CENTRAL banks are very good at damaging economies but much less so at mending them. Usually, the best thing that monetary policy can achieve is neutrality: to allow the private sector to conduct its business while enjoying monetary stability.
Occasionally, that might require injecting vast amounts of cash into the economy, especially if the money supply would otherwise be collapsing, perhaps because of a bank crisis. A sudden reduction in the amount of money in circulation usually has a catastrophic impact, triggering a recession and putting downwards pressure on prices and wages.
But it is always time to panic when a central bank ceases to see itself as neutral enabler of the private sector – seeking to ensure that the supply and demand for money balance at an interest rate that reflects the underlying economy (in itself an impossibly tough mission) – and instead begins to act as a deus ex machina, an activist that believes it can create perpetual growth by micromanaging and relentlessly intervening.
Some, but not all, of the criticism of the ECB is deserved. Crucially, it is far more aware of its inherent limitations, economic as well as political, than either the Fed or the Bank of England – and many of its critics suffer from a hubristic view of what monetary policy can actually achieve.
The ECB’s greatest failure is that nominal GDP (changes in real GDP, and inflation) in the Eurozone is now barely increasing, confirming that the region faces a real slump.
That said, cutting the ECB’s main rate from 0.75 per cent to 0.5 per cent will make no discernible difference. Such changes are trivial at the best of times – though always damage savers – and have become useless in current conditions. Consumer price inflation was an exceptionally low 1.2 per cent in April; the Eurozone doesn’t suffer from the UK’s problem, which is excessively high inflation. So the cut can easily be justified on the basis that real rates have actually been going up, not down – in fact, the 0.25 per cent rate cut didn’t even cancel out the 0.5 percentage point fall in inflation (and thus rise in real rates) between March and April.

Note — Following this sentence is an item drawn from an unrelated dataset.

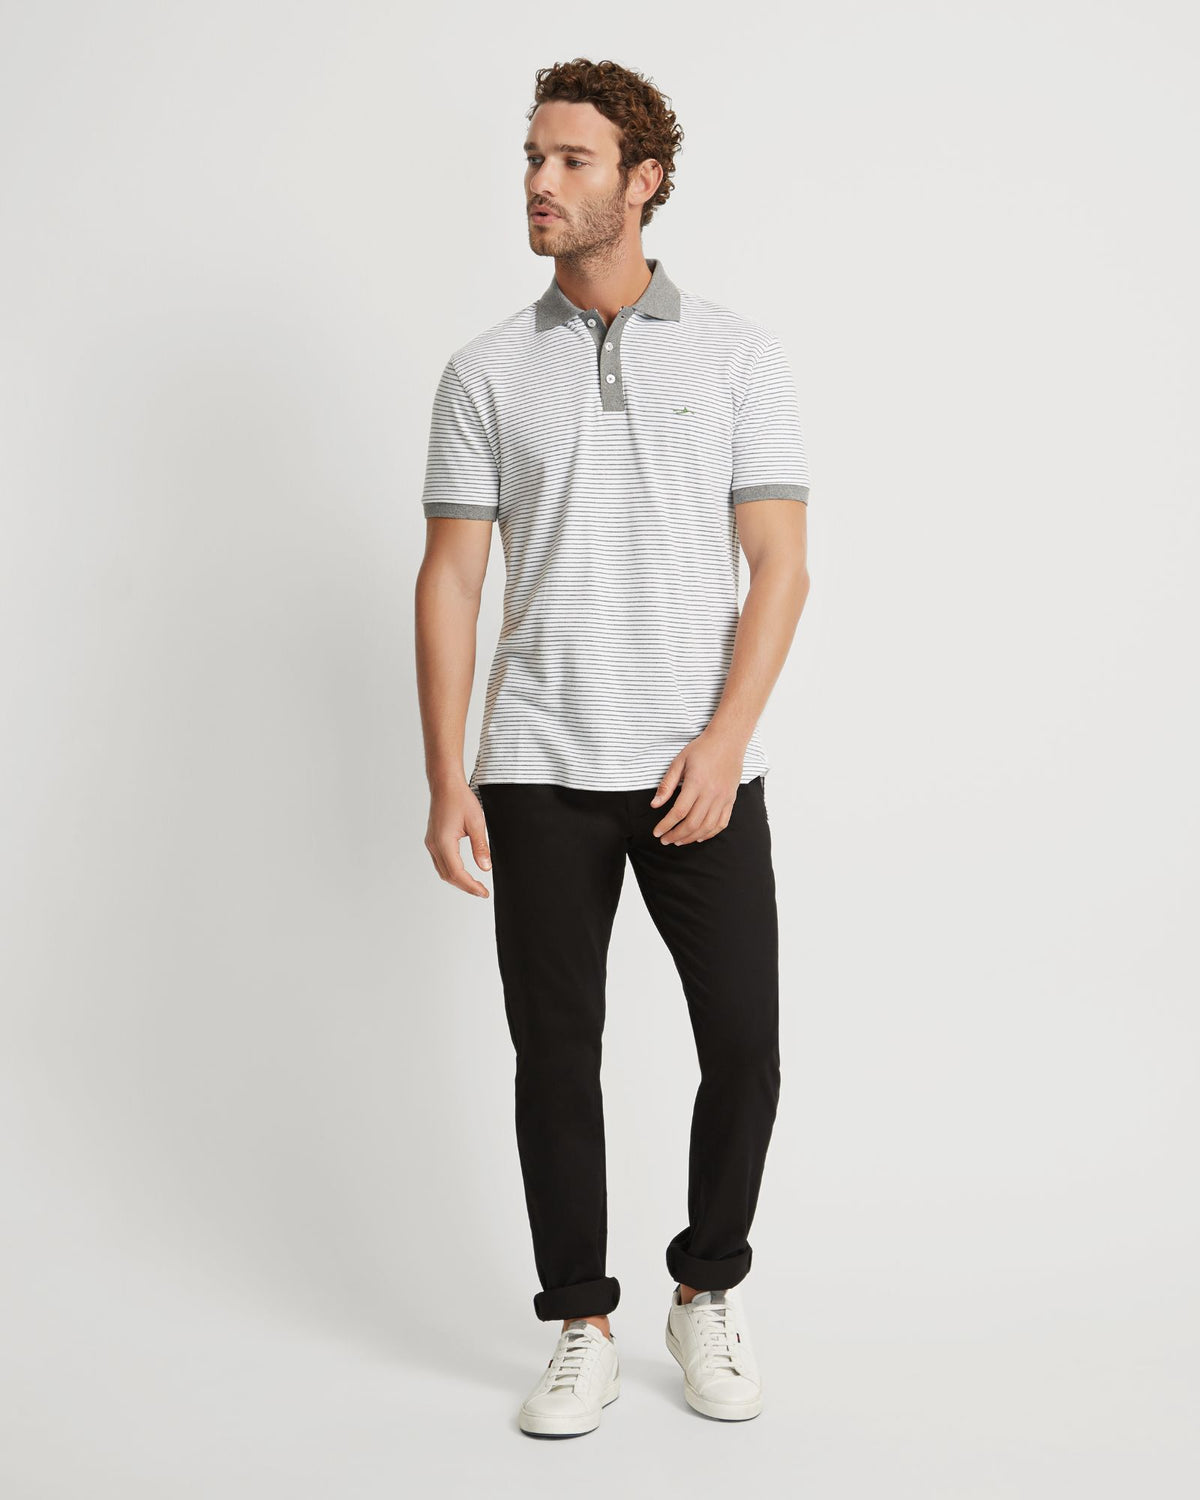 STRETCH SKINNY FIT CHINO - AVAILABLE ~ 1-2 weeks MENS TROUSERS

The Eurozone remains in an extraordinarily deep crisis, caused by a multitude of factors, and none of the other measures announced yesterday will make a blind bit of difference. The Bank left the deposit rate at zero; as Capital Economics argues, it feared that a reduction into negative territory could cause banks to increase their own lending rates to maintain profitability. The ECB will continue to provide three-month loans at a fixed rate for another year at least; but given that this has been happening since October 2008, it is a meaningless measure.
The problems facing the Eurozone are exceptionally large. They include mad fiscal policies, with many countries facing excessively large debts; appalling supply-side policies, with far too little competition and far too inflexible wages; excessively high tax rates; bloated governments and welfare states; the euro itself, and its one-size fits all monetary policy which, when combined with the inability of rigid labour markets to adjust, was always going to be a recipe for disaster; a broken banking system, partly as a result of the previous factors; and a region riven by imbalances. There has been some progress in some economies with unit labour costs coming back into line, but France, Italy and Spain are in real trouble, as are Greece and Portugal.
The ECB is partly responsible for the Eurozone’s nightmare but just about every other country and bureaucracy in Europe is equally to blame.